Même si la première saison de Daniele Gatti au poste de directeur musical du National a tenu une bonne partie de ses promesses, la passation de pouvoir semble devoir se poursuivre encore un an, au mois. Toujours attaché à Kurt Masur, et prêt à donner pour lui nettement plus que ce qu’il donne en moyenne aux autres, l’orchestre ouvrait son nouveau parcours élyséen par deux concerts de son directeur honoraire. Pour deux concertos saturés d’interprétations, que même de grands noms ont eu bien du mal à transcender. Restaient, heureusement, Egmont (intégral) et Peer Gynt (quasi intégral), pour montrer chef et orchestre à leur meilleur... et en compagnie des meilleurs récitants imaginables !

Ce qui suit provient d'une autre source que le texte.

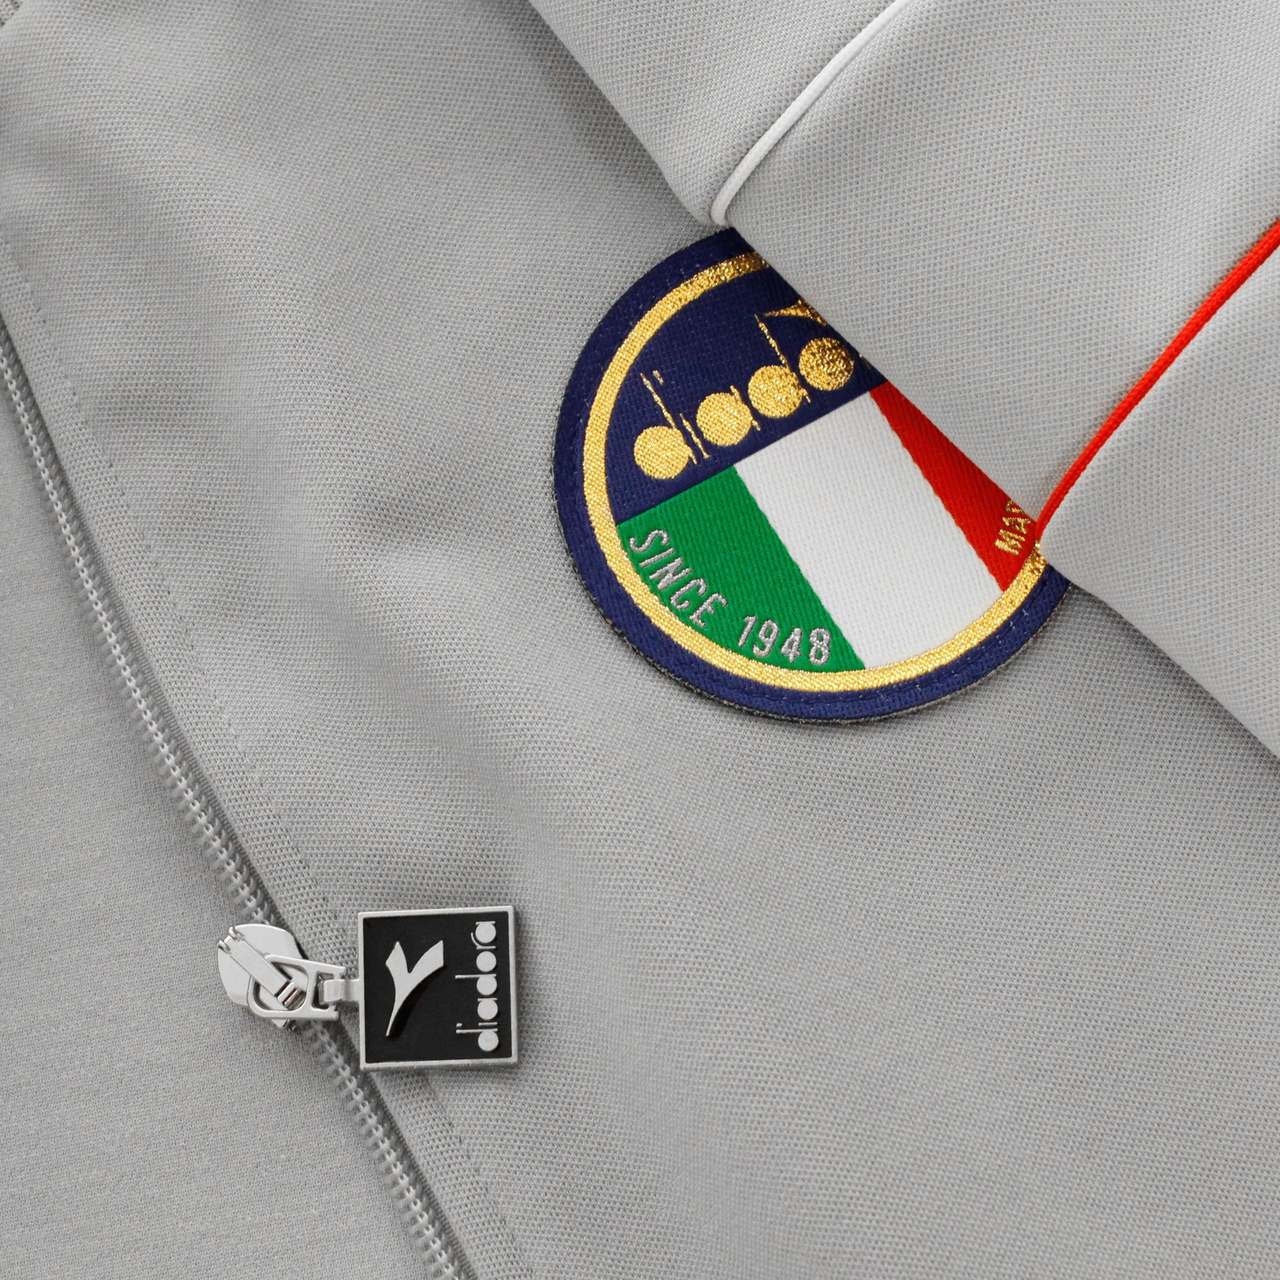 Diadora 80s Logo - Diadora 80s ITA Track Jacket Rise. Retro. Football shirt blog
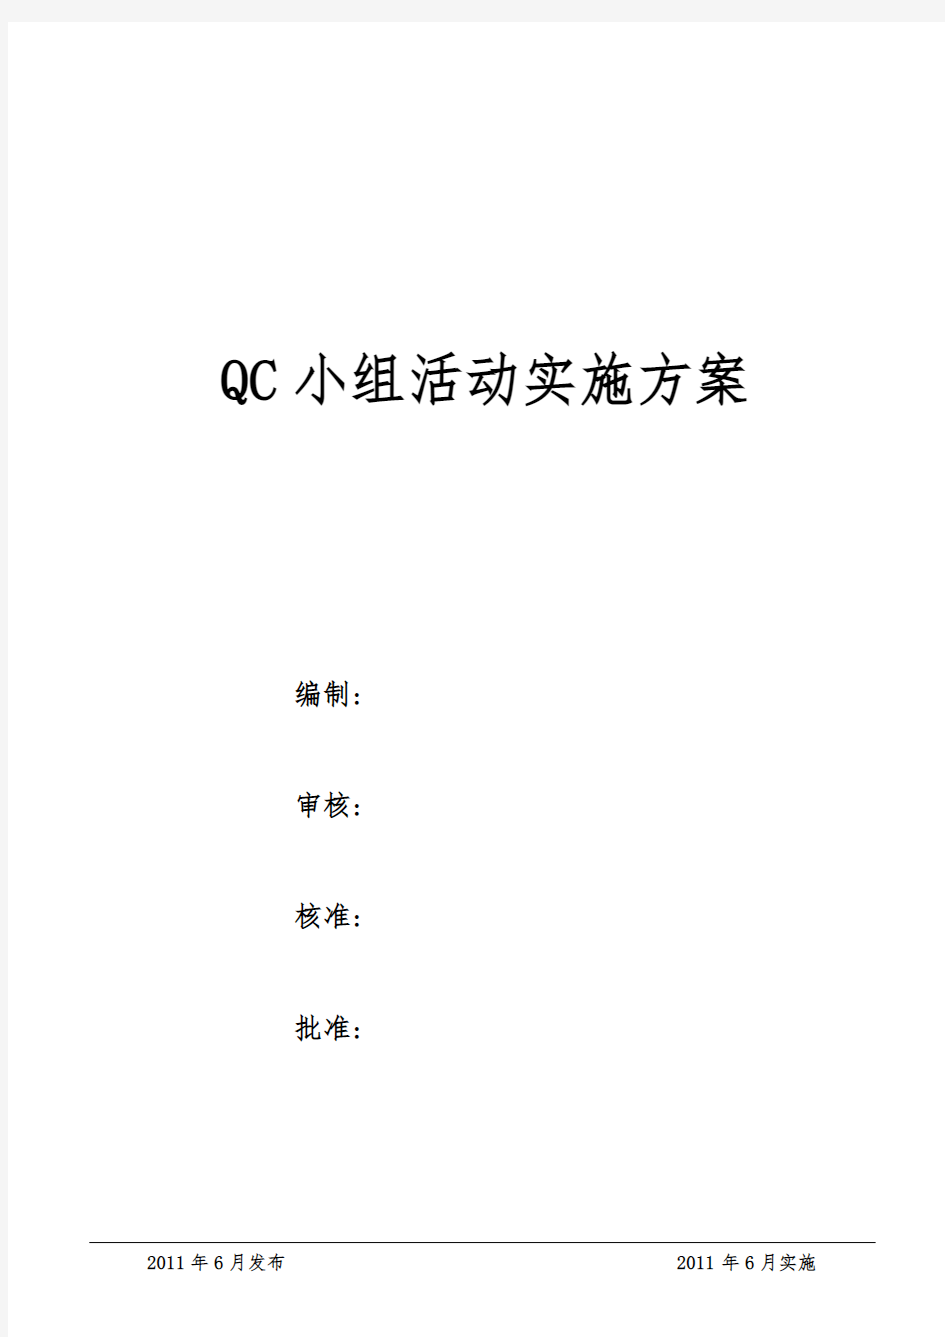 QC小组活动实施方案

On le disait à l’occasion de son récital au TCE l’an passé : Vadim Repin a un problème. Problème dans lequel ce superbe violoniste se complait tant et tant, volontairement ou non, que, de superbe, il est en train de devenir terriblement banal. C’est malheureux, frustrant, et pourtant de plus en plus prégnant, du moins tant qu’il assure la routine des piliers du répertoire sur commande et au kilomètre. On risque de le dire et de le redire encore pour éviter le malentendu : mais que l’on aimerait voir de retour ce bras qui, de façon plus probable que celui de Vengerov, pouvait faire croire à l’apparition d’une nouvelle icône du violon russe. Les nouvelles icônes, pour l’instant, sont des femmes, géorgienne certes, américaine et allemande : à l’exemple de la nouvelle génération de grands pianistes en devenir, d’ailleurs. Le problème n’est pourtant sans doute pas question de chromosomes : car on ne se risquera pas pour l’instant à pronostiquer à celles-ci une longévité à leur meilleur plus durable que celle de Vadim Repin : dans un monde musical qui ne sait plus qu’essorer frénétiquement le répertoire le plus prudent sans pour autant élever le niveau d’exigence de sa pratique, comment ne pas être blasé ? Vadim Repin, sans surprise, fait le travail, avec constance et aisance. Le feu sacré, très relatif dans ce Brahms, ne fait des apparitions furtives que du côté orchestral, ce qui apparaît tout de même ici comme un comble : l’orchestre réputé fonctionnaire par excellence entretenant la flamme d’un grand concerto romantique à la place d’un soliste vedette. Troublant... Comme il était troublant, par exemple - mais pas nécessairement absurde musicalement - de trouver plus de conduite et de nécessité dans le hautbois de Cismondi que dans le violon de Repin durant le mouvement lent.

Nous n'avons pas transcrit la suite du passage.